## Requirement:
Would you copy out, exactly as written, each line from the one containing "The Island Private School Ltd" to the end of the records below?
.....
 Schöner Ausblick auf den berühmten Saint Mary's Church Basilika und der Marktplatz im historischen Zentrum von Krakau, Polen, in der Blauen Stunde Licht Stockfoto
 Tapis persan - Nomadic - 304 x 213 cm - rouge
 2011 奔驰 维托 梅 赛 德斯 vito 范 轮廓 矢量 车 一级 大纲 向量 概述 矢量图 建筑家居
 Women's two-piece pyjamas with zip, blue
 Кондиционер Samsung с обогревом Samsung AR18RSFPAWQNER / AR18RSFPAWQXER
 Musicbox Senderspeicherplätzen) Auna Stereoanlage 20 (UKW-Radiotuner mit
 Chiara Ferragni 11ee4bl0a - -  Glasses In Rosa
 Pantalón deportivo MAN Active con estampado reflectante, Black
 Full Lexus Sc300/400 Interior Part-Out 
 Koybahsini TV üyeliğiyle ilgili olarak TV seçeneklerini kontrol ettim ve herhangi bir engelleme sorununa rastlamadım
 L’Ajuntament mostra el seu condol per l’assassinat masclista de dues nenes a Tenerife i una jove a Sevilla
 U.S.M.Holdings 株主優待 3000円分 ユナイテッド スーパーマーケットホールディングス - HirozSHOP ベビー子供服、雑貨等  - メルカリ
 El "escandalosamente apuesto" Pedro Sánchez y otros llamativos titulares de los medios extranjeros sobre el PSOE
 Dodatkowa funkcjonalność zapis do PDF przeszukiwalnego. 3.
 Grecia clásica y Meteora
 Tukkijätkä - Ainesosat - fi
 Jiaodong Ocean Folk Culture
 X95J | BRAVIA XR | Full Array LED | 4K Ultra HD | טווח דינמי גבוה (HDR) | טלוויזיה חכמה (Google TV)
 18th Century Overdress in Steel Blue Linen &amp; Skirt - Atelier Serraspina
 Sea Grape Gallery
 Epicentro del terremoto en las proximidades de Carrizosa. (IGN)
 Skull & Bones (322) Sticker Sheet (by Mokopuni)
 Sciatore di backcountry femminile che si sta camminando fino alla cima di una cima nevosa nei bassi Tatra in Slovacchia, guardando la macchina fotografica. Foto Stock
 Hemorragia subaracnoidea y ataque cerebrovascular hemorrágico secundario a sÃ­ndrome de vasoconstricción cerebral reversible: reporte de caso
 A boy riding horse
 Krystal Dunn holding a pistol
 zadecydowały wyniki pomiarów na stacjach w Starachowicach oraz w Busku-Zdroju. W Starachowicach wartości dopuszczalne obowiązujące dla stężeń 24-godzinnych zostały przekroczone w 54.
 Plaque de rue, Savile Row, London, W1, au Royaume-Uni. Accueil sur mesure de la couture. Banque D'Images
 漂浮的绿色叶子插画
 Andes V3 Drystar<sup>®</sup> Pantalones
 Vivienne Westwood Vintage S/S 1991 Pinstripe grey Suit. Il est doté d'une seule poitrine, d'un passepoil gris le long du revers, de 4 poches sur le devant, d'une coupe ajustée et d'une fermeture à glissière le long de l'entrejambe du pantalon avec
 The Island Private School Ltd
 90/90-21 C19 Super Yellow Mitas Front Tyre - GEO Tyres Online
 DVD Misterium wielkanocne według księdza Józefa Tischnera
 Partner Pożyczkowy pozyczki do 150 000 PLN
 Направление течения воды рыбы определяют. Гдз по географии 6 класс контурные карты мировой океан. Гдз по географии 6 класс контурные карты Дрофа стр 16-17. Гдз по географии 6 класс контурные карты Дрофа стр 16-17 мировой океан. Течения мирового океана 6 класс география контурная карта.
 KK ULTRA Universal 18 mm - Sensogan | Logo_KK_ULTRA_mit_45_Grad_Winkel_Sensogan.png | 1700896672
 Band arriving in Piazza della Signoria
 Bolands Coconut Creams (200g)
.....
## Written answer:
 The Island Private School Ltd
 90/90-21 C19 Super Yellow Mitas Front Tyre - GEO Tyres Online
 DVD Misterium wielkanocne według księdza Józefa Tischnera
 Partner Pożyczkowy pozyczki do 150 000 PLN
 Направление течения воды рыбы определяют. Гдз по географии 6 класс контурные карты мировой океан. Гдз по географии 6 класс контурные карты Дрофа стр 16-17. Гдз по географии 6 класс контурные карты Дрофа стр 16-17 мировой океан. Течения мирового океана 6 класс география контурная карта.
 KK ULTRA Universal 18 mm - Sensogan | Logo_KK_ULTRA_mit_45_Grad_Winkel_Sensogan.png | 1700896672
 Band arriving in Piazza della Signoria
 Bolands Coconut Creams (200g)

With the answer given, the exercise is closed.